Secondary structure prediction accuracy as a function of the surface accessibility by employing 11 bins. a) SS0 and SS1 according to SKSP+ assignment. b) SS0 and SS2 according to DSSP assignment. Error bars are estimated from standard deviations obtained from 10 folds.

One can also examine prediction accuracy based on misidentification errors between different secondary structure types. Compared to our previous method SPINE, misclassification errors are reduced in every category as shown in Table 3. The overall miss-classifications between H and C residues, between H and E residues and between E and C residues decrease from 9.4% to 8.2%, 1.9% to 1.2% and 9.2% to 8.4%, respectively. The reduction in error is most significant for the most severe misclassification, that between helical and strand states. In this case the error rate is cut by about a third.

Table 3.

Errors contributed by misclassification of residue states based on the dataset of 2640 proteins

Native Predicted Error (%)
SPINEa SPINE Xb
E C 5.61 5.06
E H 1.03 0.65
C E 3.54 3.36
C H 4.16 3.58
H E 0.85 0.59
H C 5.27 4.61
H ↔ C 9.43 8.19
H ↔ E 1.88 1.24
E ↔ C 9.15 8.36
a

From Ref. 17.

b

SS2 in SPINE X trained and tested in DSSP assignment (10-fold cross validation).

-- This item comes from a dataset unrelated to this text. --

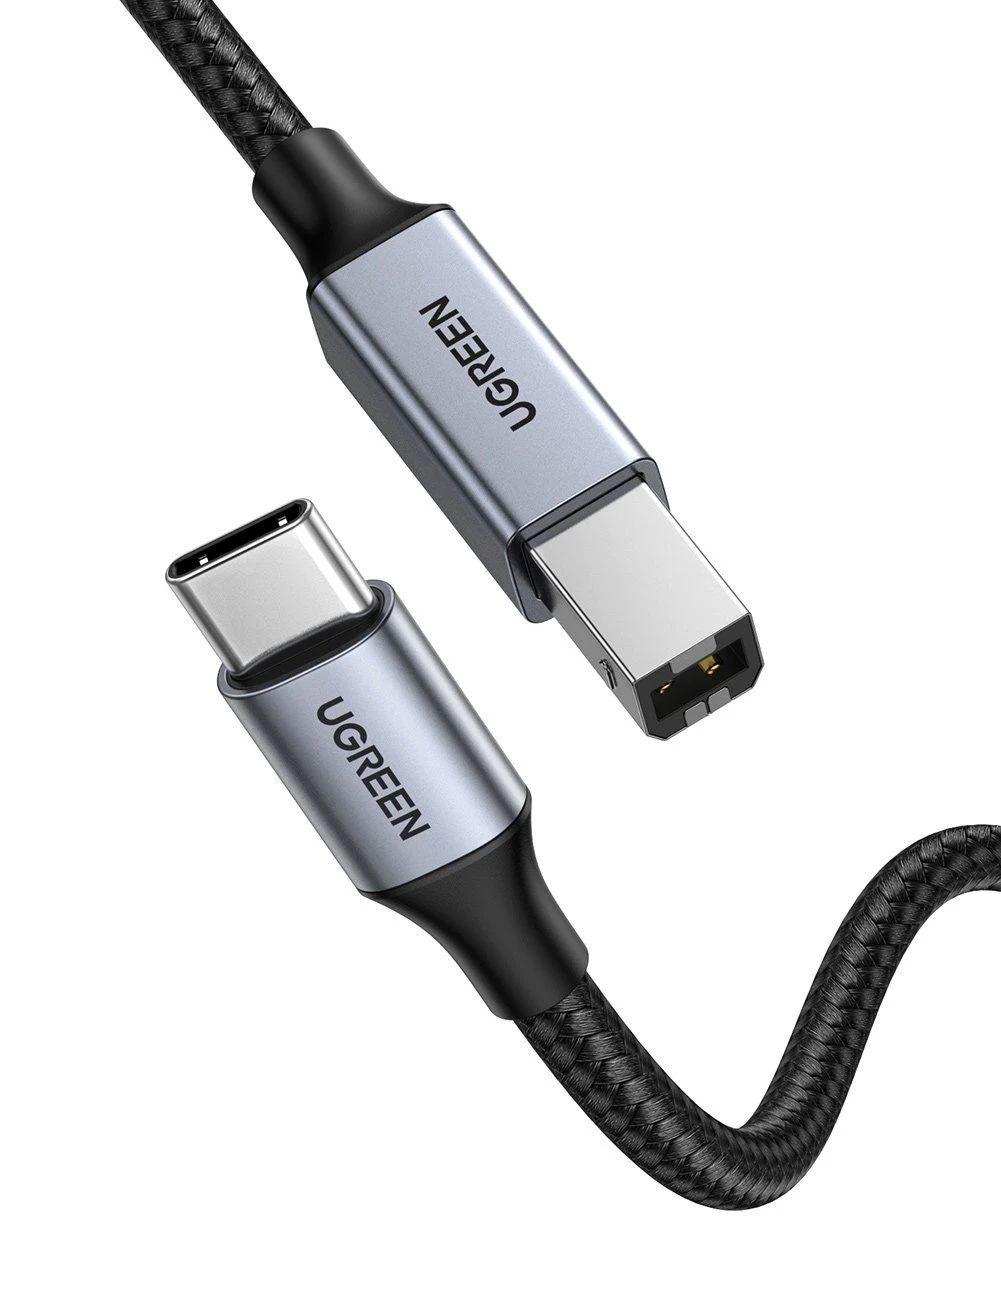 Cáp dữ liệu USB type C ra usb B 2m Ugreen 80807 2.0 đầu bọc nhôm dây dù chống nhiễu màu xám US370 - HÀNG CHÍNH HÃNG

2.2 Test datasets of 1833 and 1975 proteins

We examine whether or not we have an over training issue by employing multi-step repeated learning from the same database. We built a SPINE X server by using 95% of 2479 proteins for training and 5% as the over-fit protection. The SPINE X server was then tested on three separate datasets of 2640, 1833 and 1975 proteins. As Table 4 shows, even if 95% of the proteins were used in training, the overall accuracy of trained and testing proteins is only 0.7% (82.7%) higher than the ten-fold cross-validated result (82.0%) with a redistribution of accuracy for helical (+1%), coil (+1%), and strand (−1%) residues. This indicates that over training is not a significant problem in our SPINE X server. Indeed, the application of this server to the completely independent set of 1833 proteins leads to an accuracy of 81.3%. It is interesting to note that the distribution of helix, coil, strand residues in this set, 38.0%, 38.8%, 23.2% respectively, is very similar to the one found in the 2640 set, 38.2%, 38.8%, 23.0%, respectively. For the dataset of 1975 proteins, Q3 = 82.3%.

Table 4.

Comparison of secondary structure prediction for three different non-homologous datasets and two different assignment types

DSSP SKSP+

Method 2640 1833 1975 2640 1833 1975
SPINE X Q3 82.7±0.5 81.3±0.5 82.3±0.5 83.2±0.4 82.1±0.6 82.6±0.4
QH 87.4 86.1 87.4 88.1 87.1 88.0
QE 74.2 72.8 74.0 72.9 71.8 72.3
QC 83.3 81.6 82.3 84.7 83.0 83.4

PSIPRED Q3 80.9±0.4 80.6±0.6 81.6±0.4 80.6±0.5 80.3±0.5 80.9±0.4
QH 79.9 79.9 80.9 79.2 79.2 79.6
QE 73.2 73.1 74.3 71.8 71.4 72.3
QC 86.5 85.8 86.8 86.6 87.1 87.6

Server prediction accuracy for the three different non-homologous datasets described in the text. The SPINE X server was trained on 95% of the 2640 dataset, PSIPRED was trained on its own dataset of 1999 proteins. H denotes Helix, C for Coil, and E for Sheet. Error bars were calculated by splitting all proteins randomly into 10 equally sized sets and calculating the standard deviations of the accuracies among them.

For comparison, we downloaded the latest version of PSIPRED (Version 3.2) 16 and applied it to our datasets with default parameters. We compare to PSIPRED because a recent review paper 9 suggests it is one of the best non-homologous (ab initio) predictors. PSIPRED16 was trained on a dataset of 1999 proteins and it is unclear how many proteins in our datasets are employed in training PSIPRED. Our SPINE X prediction consistently outperform PSIPRED in all three datasets. For the DSSP assignment these differences range from 0.7% to 1.8%. For the SKSP+ assignment these differences range from 1.7% to 2.6%. The improved accuracies are significant. The p-values for the improvement from PSIPRED to SPINE X are < 0.0001, 0.01, 0.02 for 2640, 1975, and 1833 sets, respectively, according to the DSSP assignment. For all other cases in Table 4 we find p < 0.0001. The consistent low p-value for all three datasets indicates the significance of the performance difference between PSIPRED and SPINE X, considering the fact that these three datasets are not independent test sets for PSIPRED. The difference between the two methods is even more significant when predicting secondary structure content as we shall see below.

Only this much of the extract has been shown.